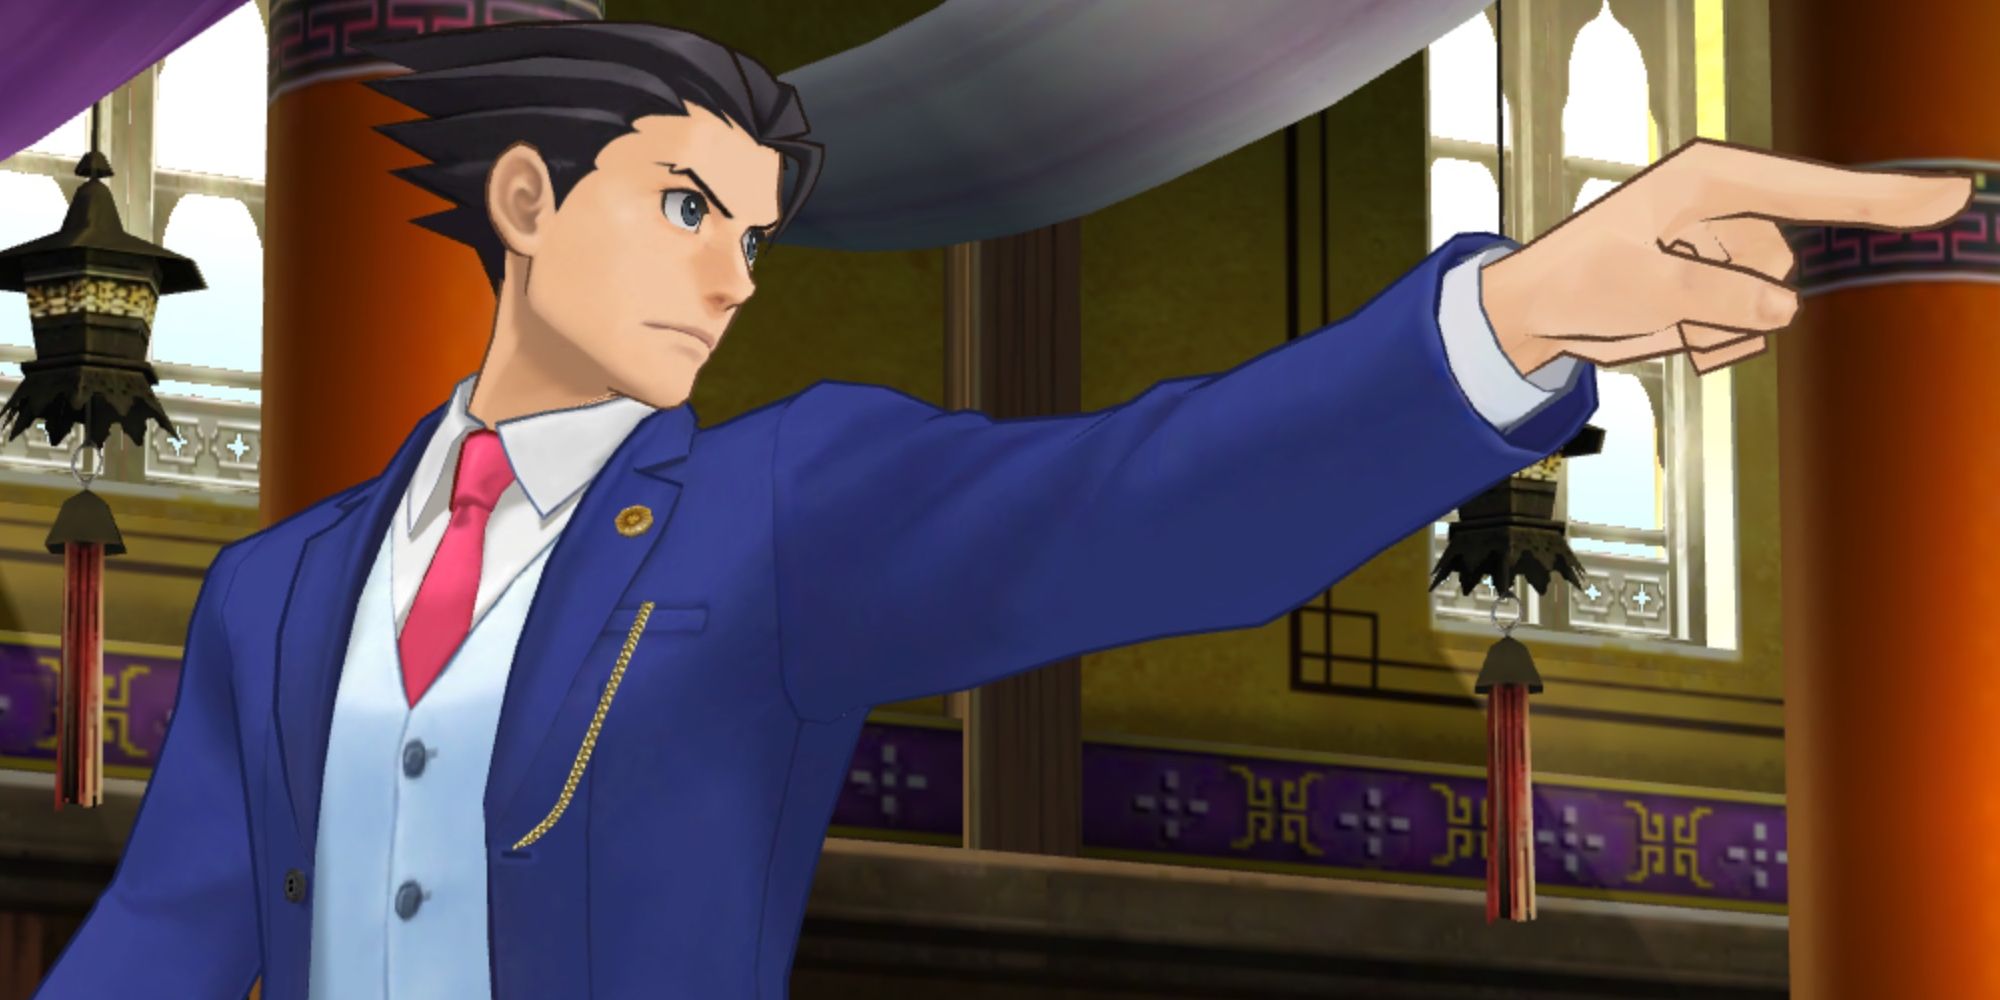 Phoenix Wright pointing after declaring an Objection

☆ ☆ ☆ ☆

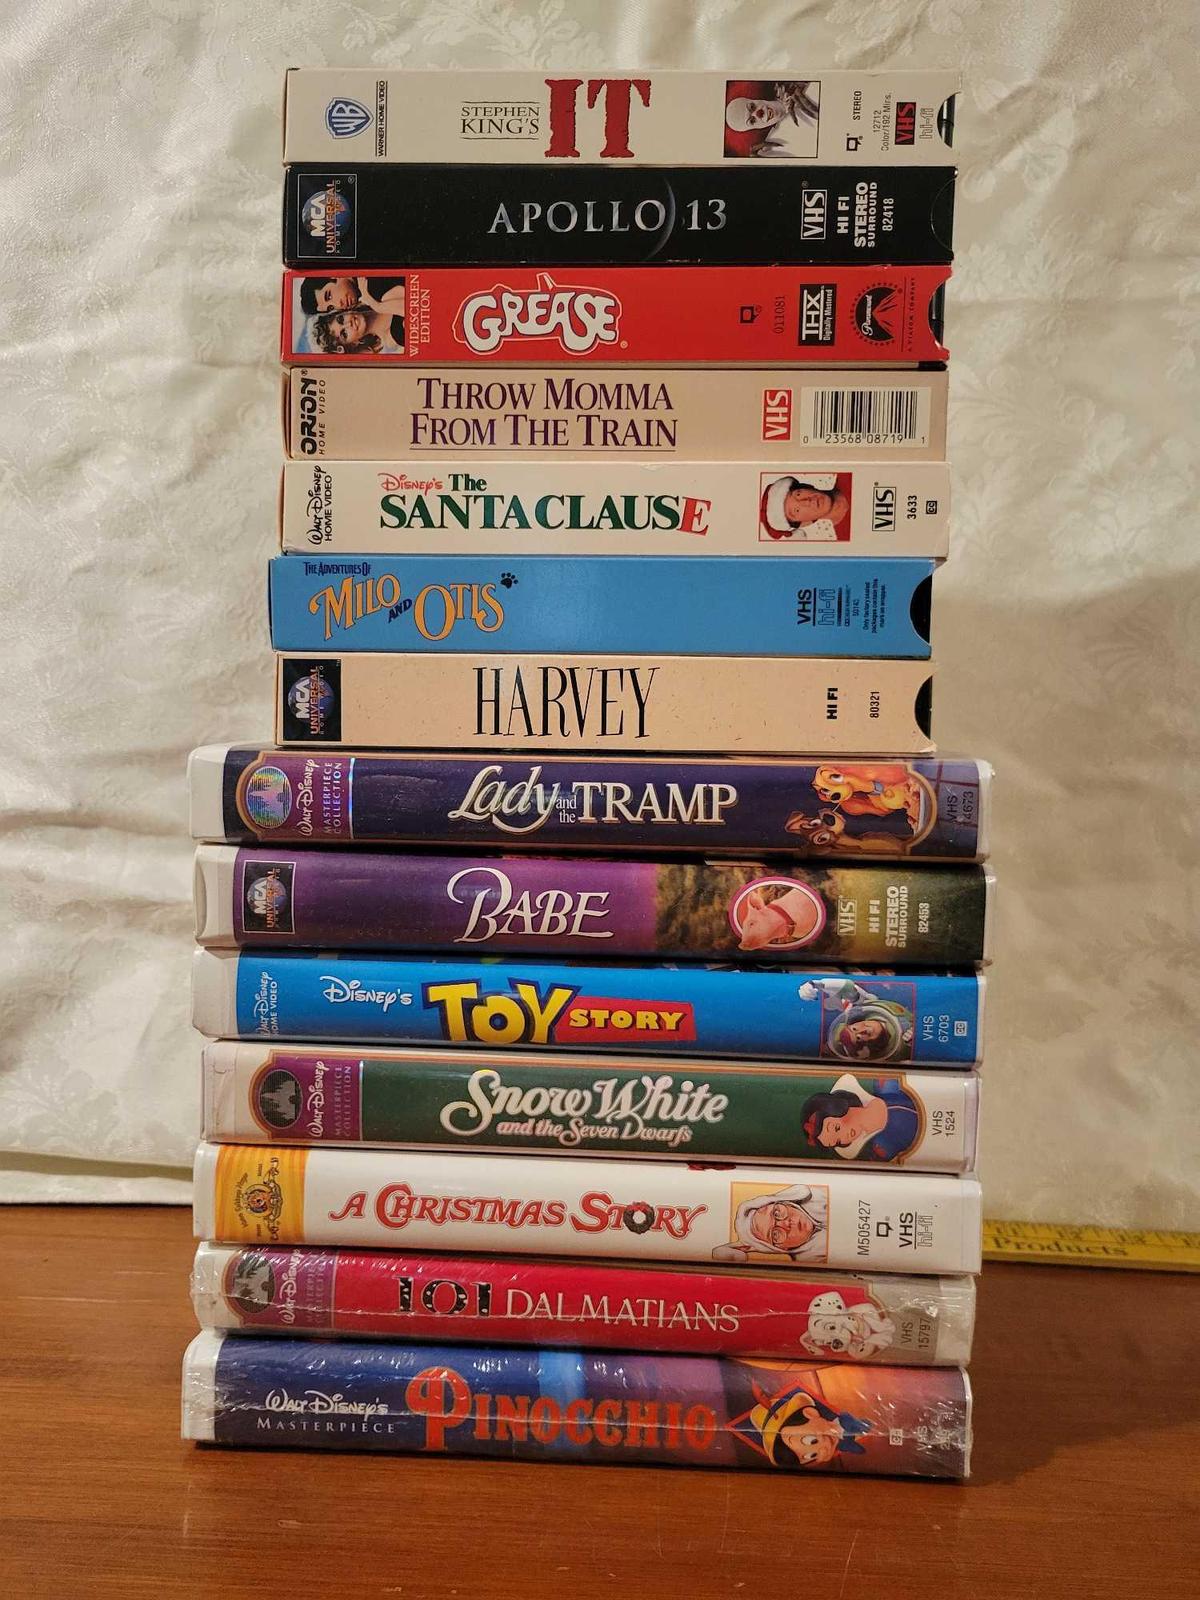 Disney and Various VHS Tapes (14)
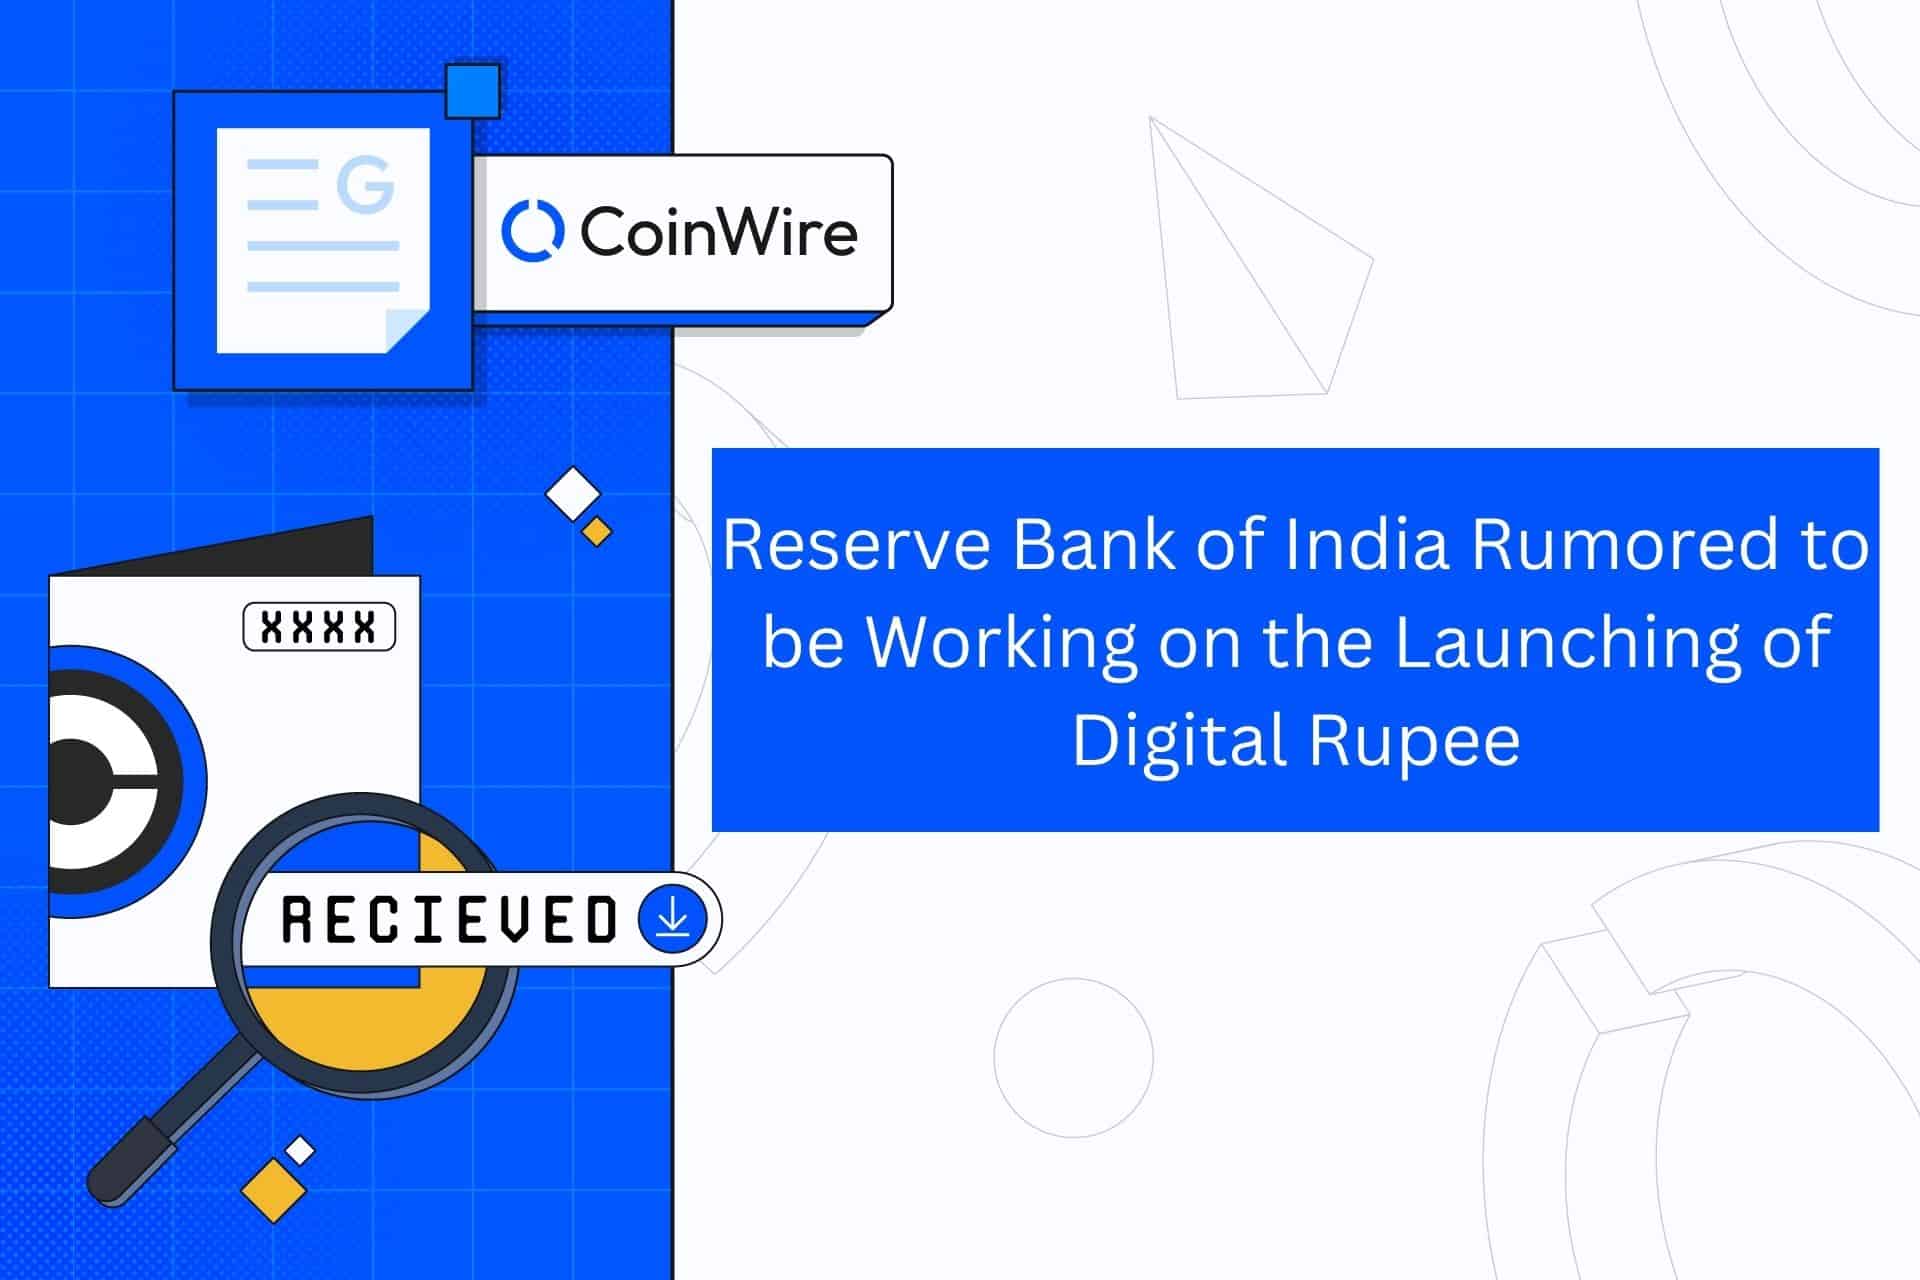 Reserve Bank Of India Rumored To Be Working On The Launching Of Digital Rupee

☆ ☆ ☆ ☆

* **HOW TO COMPLETE THIS TASK**: Precisely those lines above that run from the line with "Disney and Various VHS Tapes (14)" up to and including the line with "Reserve Bank Of" are to be set down, with the pictures omitted.

* **ANSWER TO THIS EXERCISE**:
 Disney and Various VHS Tapes (14)
 Reserve Bank Of India Rumored To Be Working On The Launching Of Digital Rupee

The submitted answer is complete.